Bookseller One Grand Books has asked celebrities to name the ten titles they’d take to a desert island, and they’ve shared the results with Vulture. Below is Puzzle actress Kelly Macdonald’s list.
After You’d Gone, by Maggie O’Farrell
I love this woman’s writing. I’ve read everything, but this was the first. I finished it in the bath and cried my eyes out. It’s about grief, love, loss … all the big stuff. I went to a book reading of hers with the sole purpose of befriending her. It worked. We text!
Dirt Music, by Tim Winton
I just finished this one. Having never been to Australia, Winton transports you there within a few pages. Western Australia feels like a present day Wild West here — the scorched landscape and its watchful inhabitants. It arouses all your senses. And I want to slather Lu Fox in sunscreen and give him a book and a gentle hug.
Far From the Madding Crowd, by Thomas Hardy
Growing up, we had a set of hardback classics my parents had probably sent away for. I picked this one up when I was about 14. It was the first “grown-up†novel I ever read. I hadn’t expected to understand or even get to the end of it. I was so proud of myself. It was a bit like finishing an entire can of cola all by myself for the first time, but less gassy, obviously.
The Heart Is a Lonely Hunter, by Carson McCullers
Just the title would be enough for me to love this book. I love reading about the South and the motley band of characters that McCullers has drawn; I have a soft spot for the tomboy, Mick Kelly.

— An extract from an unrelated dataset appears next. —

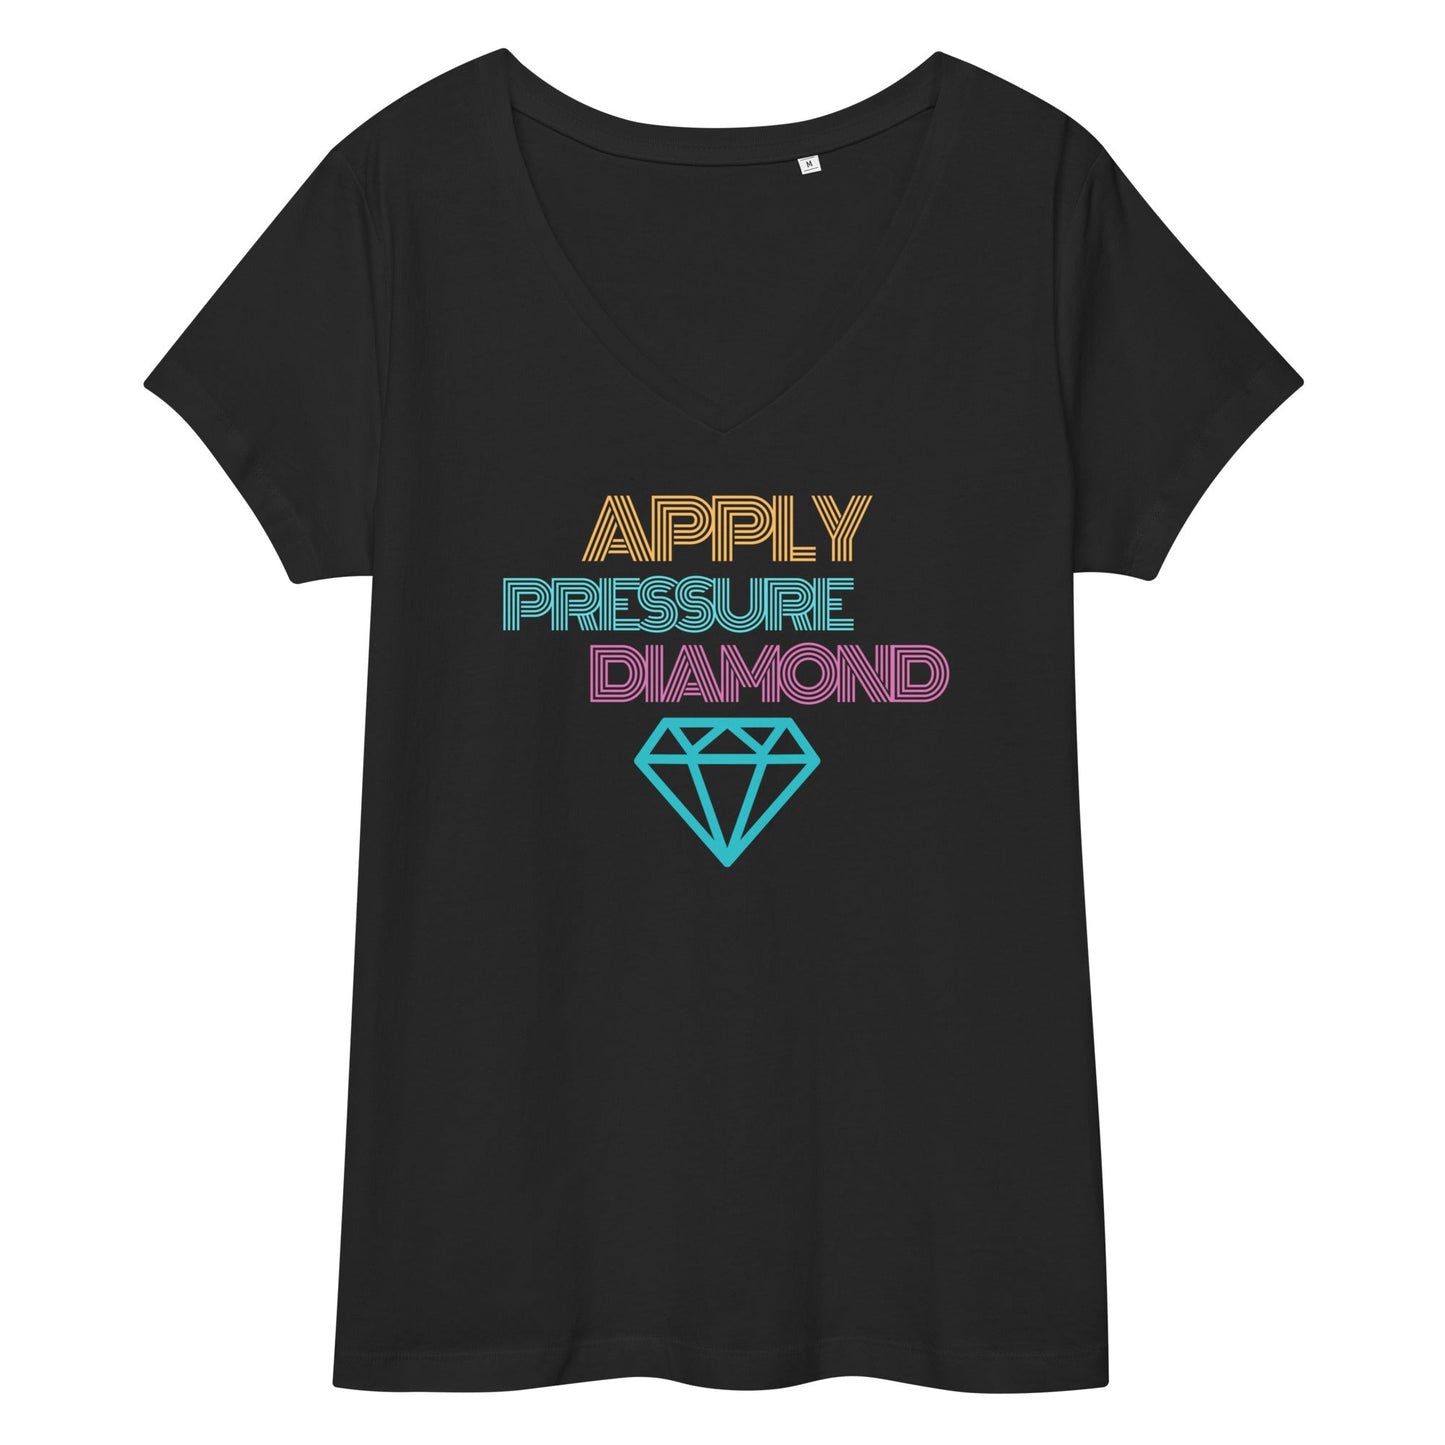 Apply Pressure Diamond Women’s fitted v-neck t-shirt - Catch This Tea Shirts
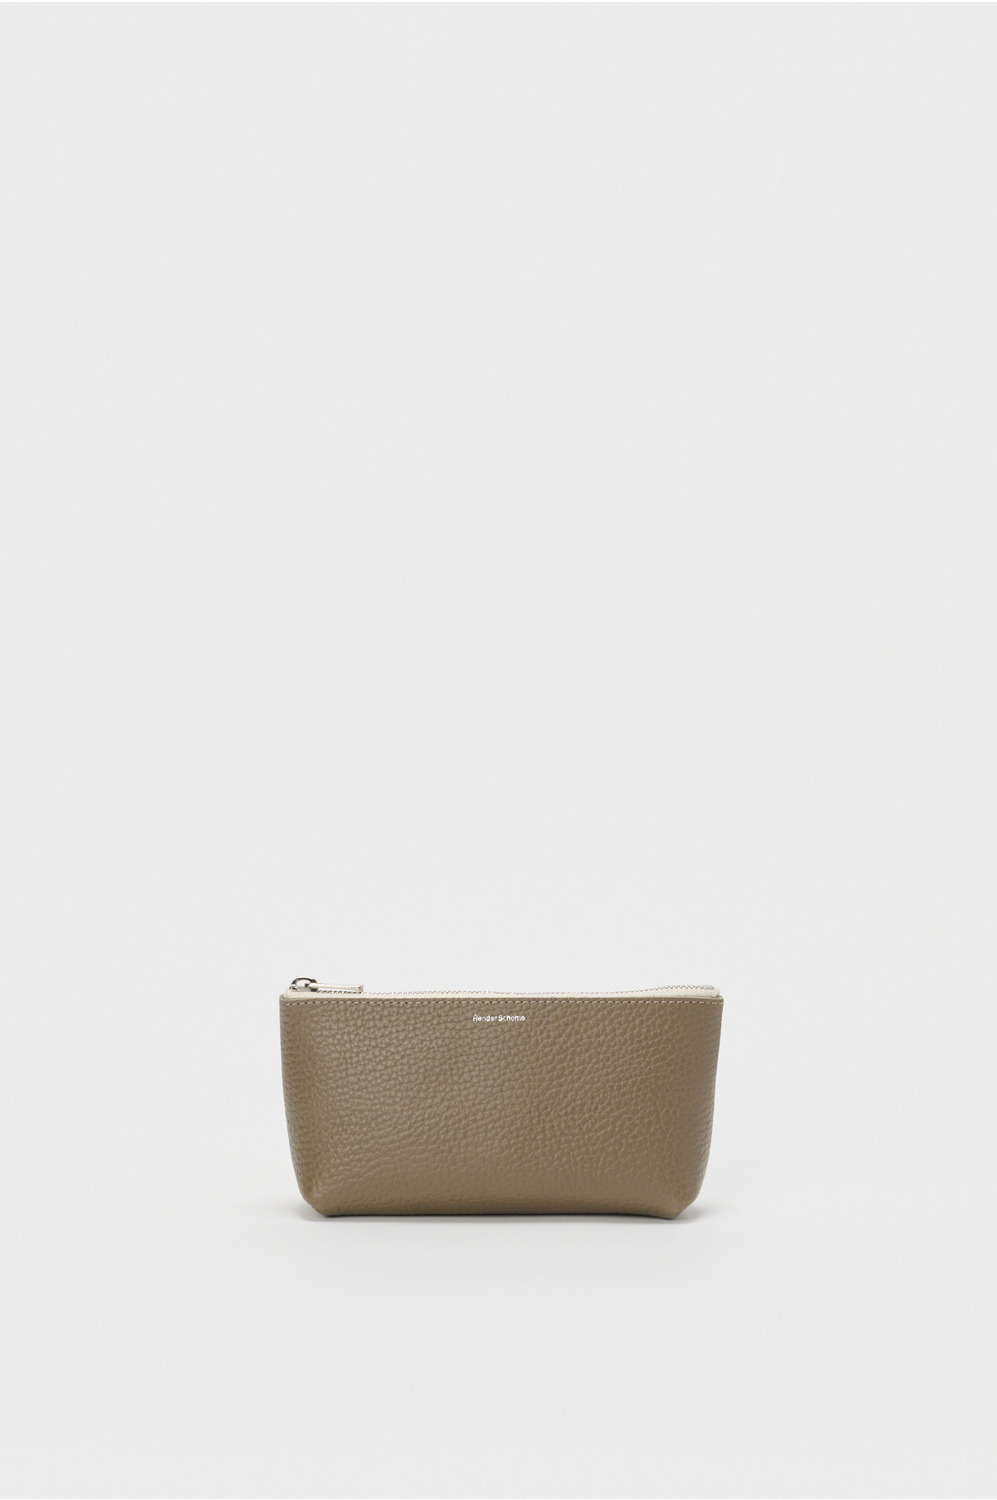 pouch S 詳細画像 taupe 1

She’s feisty and feral. There’s a description of her and a bunch of scrappy kids playing at a building site, and that was my childhood; we were never out of those places.
Love, Nina, by Nina Stibbe
This book is a series of letters that a young Nina wrote to her sister back home after she became the live-in babysitter for an astonishingly interesting London family in the 1980s. She’s hilarious about the goings-on. And Alan Bennett was their friend and neighbor. ‘Nuff said.
A Manual for Cleaning Women, by Lucia Berlin
This relates to my Maggie O’Farrell obsession. She recommended Lucia Berlin in an interview I read a few years ago. So, like any good stalker, I checked it out. These stories feel very contemporary. I suppose if I’ve learned anything from reading, it’s that people don’t change very much through the ages. Our personal problems and our joys are entirely relatable, whatever the era. The women Berlin writes about seem entirely real. You can feel them in the room with you. There is humor and real beauty in her words. If I were the underlining type, these books would be heaving with Biro. But I’m no vandal.
Lucia in London & Mapp and Lucia, by E.F. Benson
This book entertained me during a pregnancy. It’s set in a small English village in the 1930s and is a battle of wit and wills between two women. It’s all fêtes and musical soirées and fighting tooth and nail to be top dog. LOL, as they say. My baby got jiggled for days on end with my laughter.
The Pursuit of Love, by Nancy Mitford
I loved this book and couldn’t believe it took me so long to come across it. It’s about growing up and the grown-ups that haven’t quite. Set in a properly upper-class English world that I’ve only ever witnessed in books, I was tickled to read about these kids hiding and conspiring in airing cupboards (just like I did as a kid).
Writing Home, by Alan Bennett
I love having a look at the world through this man’s iconic glasses. Once you read about Miss Shepherd (who lived in a van in his driveway), you will never forget her. He sees what we all see and finds the humor and the pathos in the quiet, everyday moments that make up our lives. Having beetroot for lunch and enjoying a full day of appointments, and then looking in the mirror at home that evening and finding your chin is splashed purple.